The first strategy is bad in this scenario, what if we revert the “criteria”. The justification now is such that, stock price that drops, tends to rebound and revert back to the “mean” trend. *It’s bad to do curve fitting, but for now, we just try to have a look at what results this strategy would give.

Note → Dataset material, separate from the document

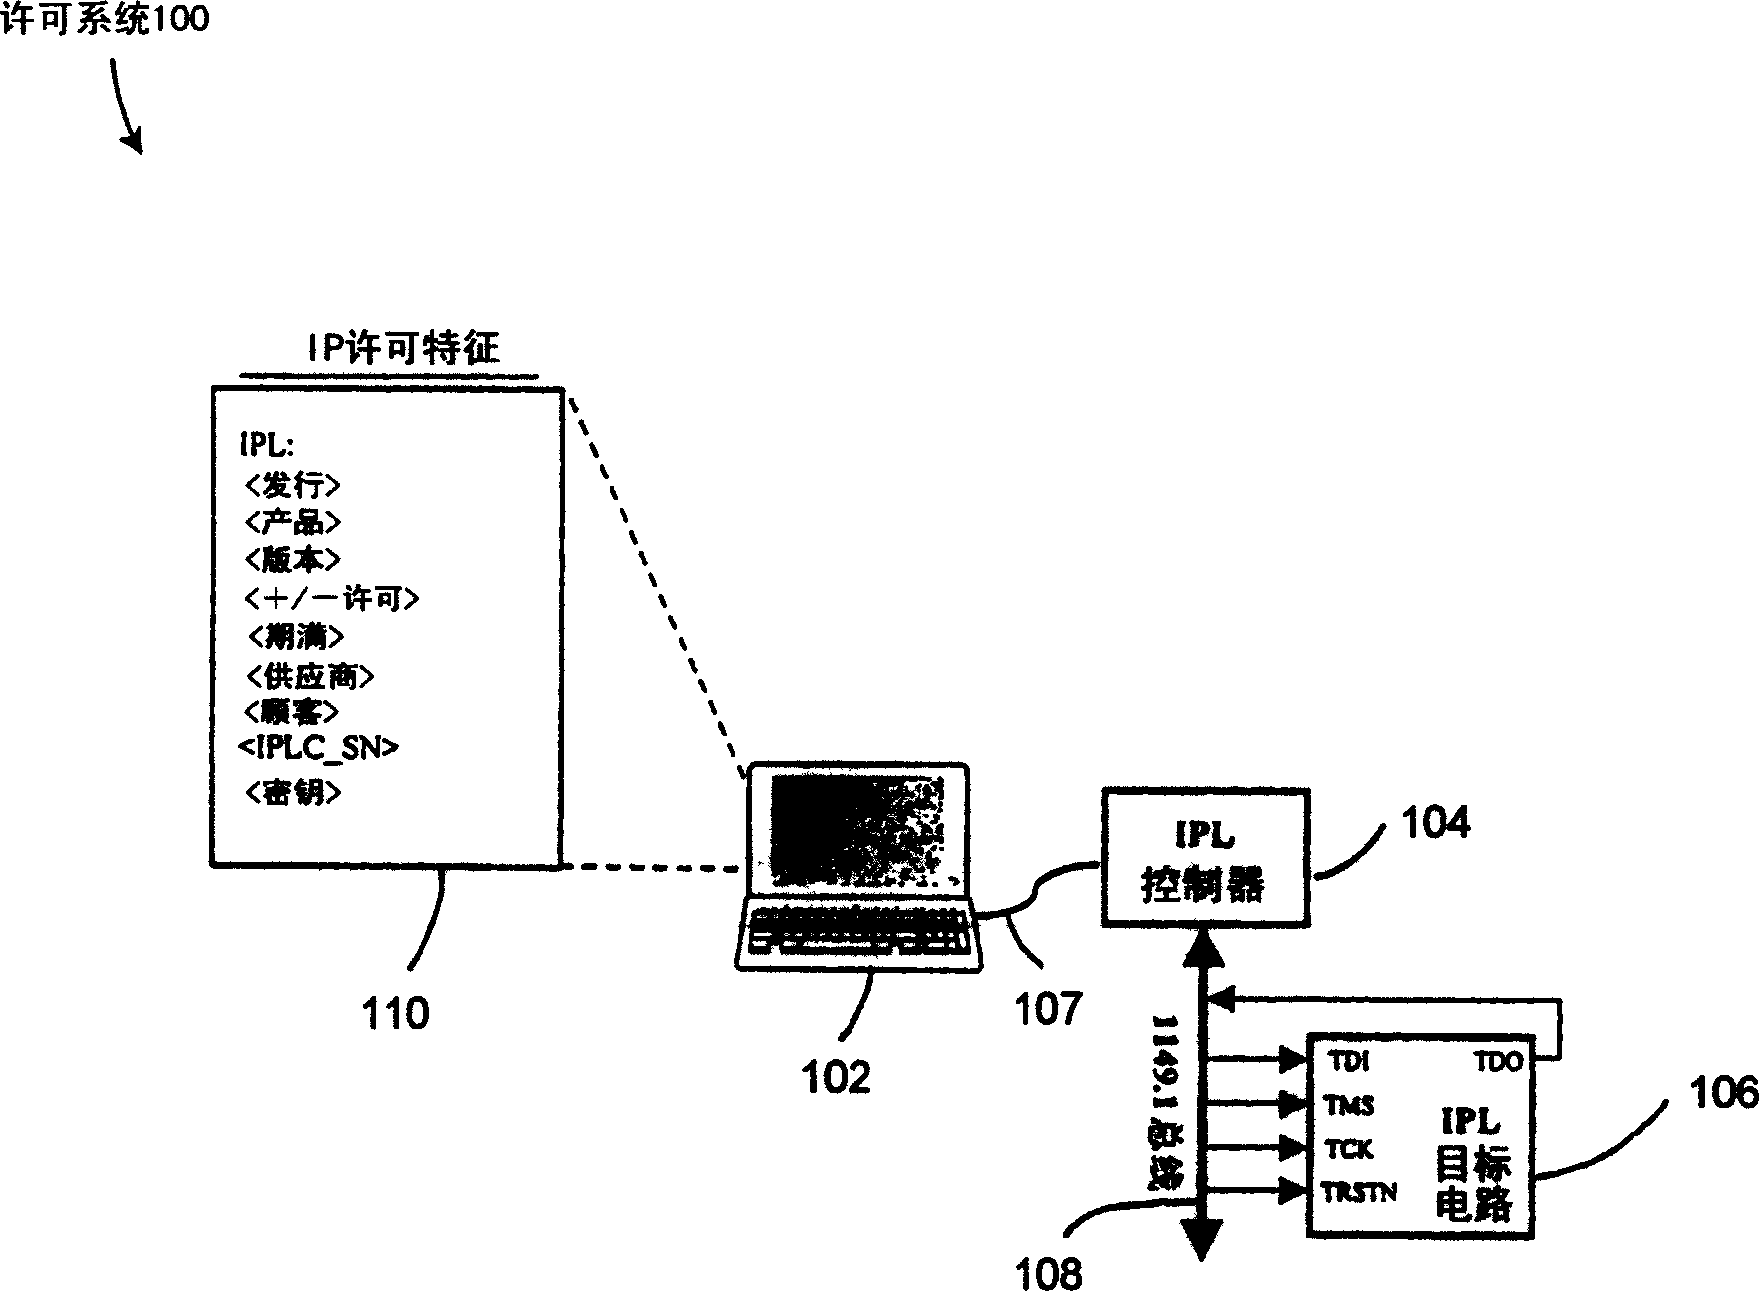 Management system, method and apparatus for licensed delivery and accounting of electronic circuits

wkret <- function(cl, op){
L <- length(cl)
cl[L]/op[1]-1
}
wkclose <- function(v){
L <- length(v)
v[L]
}
signal <- function(wkreturn, percent = 0 ){
wkreturn < percent
}
roundtripcost <- 0.000 #Assume 0% round trip cost
df4 <- as.data.frame( df2 %>%
mutate(yr = year(Date), wk = week(Date)) %>%
group_by(yr, wk) %>%
summarise(Date = Date[length(Date)], wkreturn = wkret(C, O), wkclose = wkclose(C))
)
df5 <- df4 %>% mutate(signal = lag(signal(wkreturn, 0), 1) ) %>%
mutate(signal2 = lag(signal(wkreturn, 0.02), 1) ) %>%
mutate(adj_wkreturn = wkreturn - roundtripcost) #adjust for round trip cost
actual <- xts(df5$adj_wkreturn, df5$Date);
signal_1 <- xts(df5$adj_wkreturn*df5$signal, df5$Date)
signal_2 <- xts(df5$adj_wkreturn*df5$signal2, df5$Date)

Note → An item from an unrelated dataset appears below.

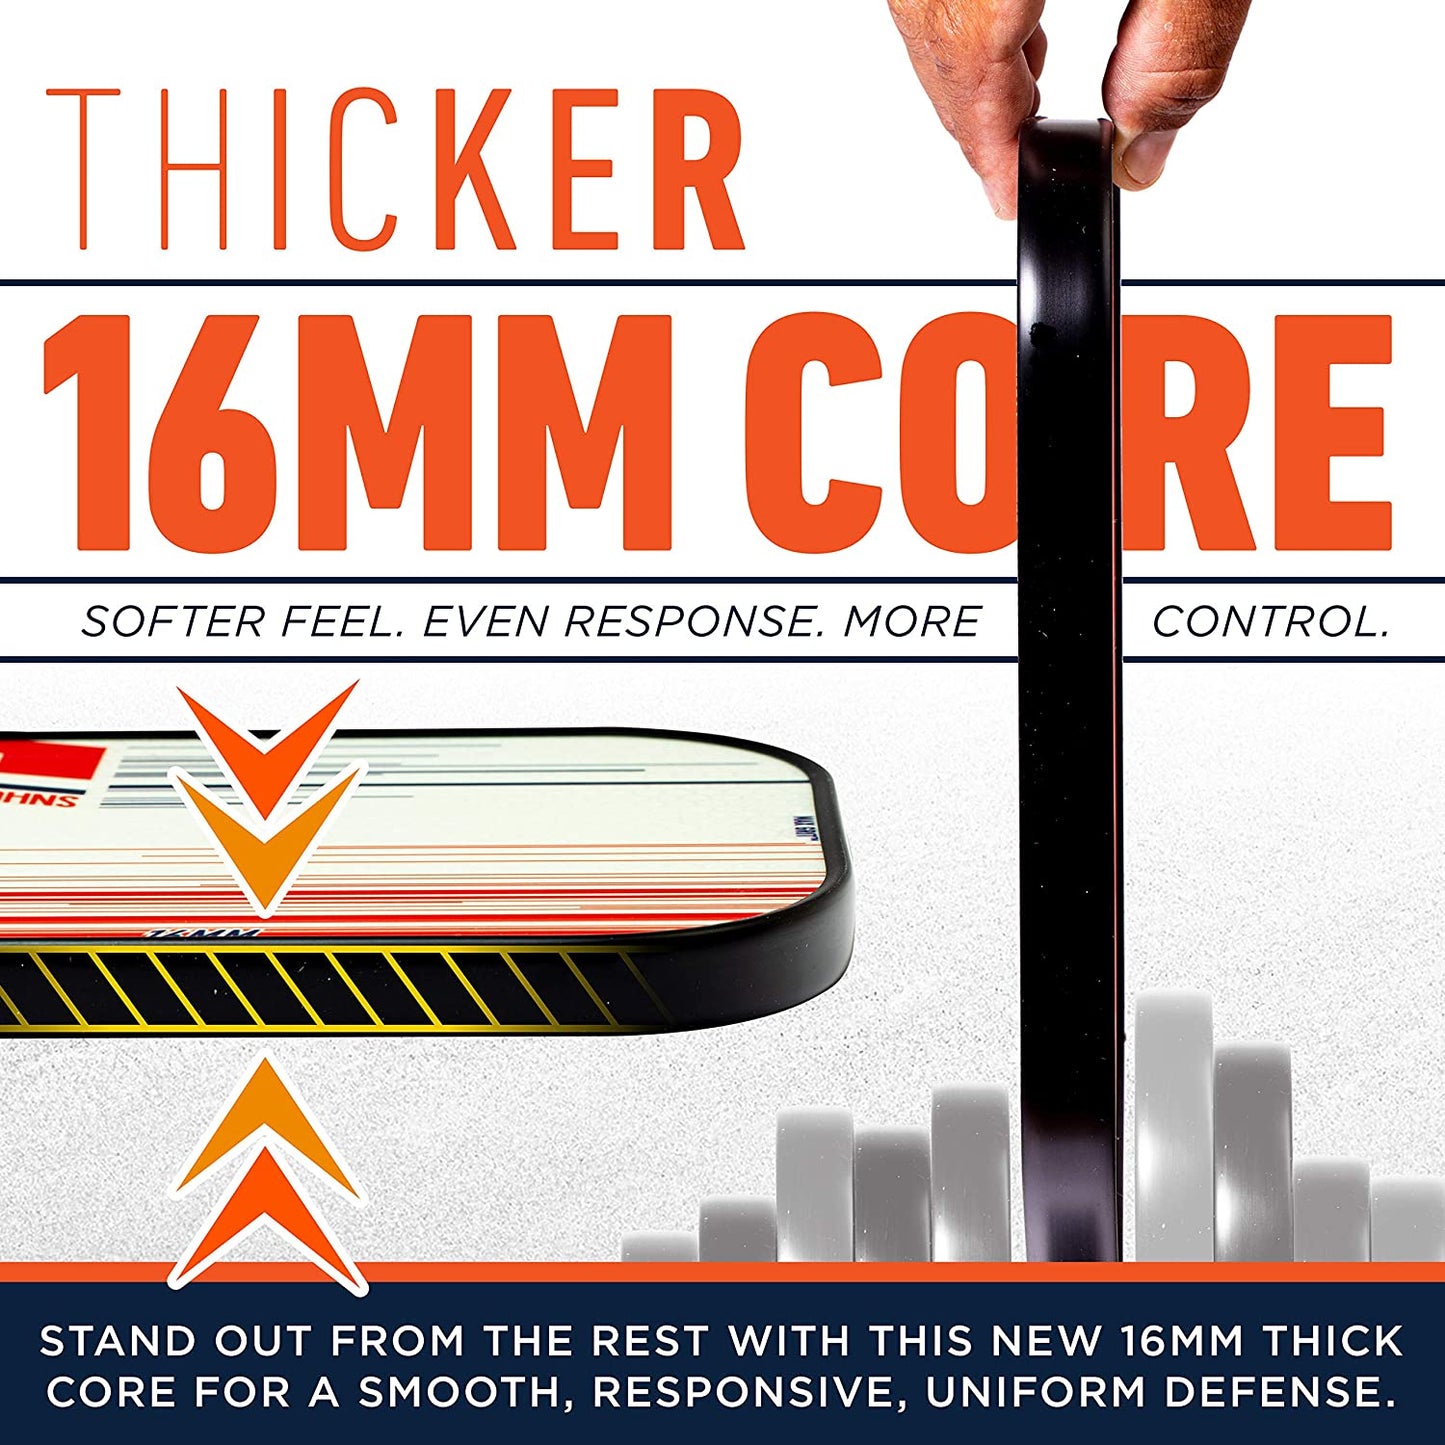 A person is holding a thicker 16mm core.

compare <- na.omit(cbind(actual, signal_1, signal_2))
colnames(compare) <- c("Actual", "Signal 1", "Signal 2")
charts.PerformanceSummary(compare)
nostrat <- prod(1+df5$adj_wkreturn, na.rm = T) - 1
strat2a <- prod(1+df5$adj_wkreturn*df5$signal, na.rm = T) - 1
strat2b <- prod(1+df5$adj_wkreturn*df5$signal2, na.rm = T) - 1
Without implementing any strategy (just buy at the start of week and sell at the end of week), the total return is 0.4148288; Strategy 1 (0%) return: 0.90323; Strategy 1 (2%) return: 2.3502055. In other words, Strategy 2 is quite a winning strategy.
**After I did Strategy 1, I realised I could just look at the ACF and PACF plot of the weekly returns. Based on these 2 plots, Strategy 2 should be suggested first, because the weekly returns are actually more negatively autocorrelated than positively autocorrelated.
tsdisplay(actual)
num_of_trades <- sum(df5$signal2, na.rm = T)
breakeven_roundtripcost <- strat2b/num_of_trades
The number of trades done using Strategy 2 (2%) is 125. For simplicity, assume the breakeven round trip cost is the total return generated divided by the number of trades.
Hence, the breakeven round trip cost is 0.0188016.
Strategy 1 resembles more of a qualitative approach, but it fails in this specific case, I believe it would work on a general stock market.
Strategy 2 resembles more of a statistical approach, where we try to exploit negative autocorrelation in the weekly returns, but this may fail if such autocorrelation disappears due to other external factors (fundamental reasons/changes in the economic environment).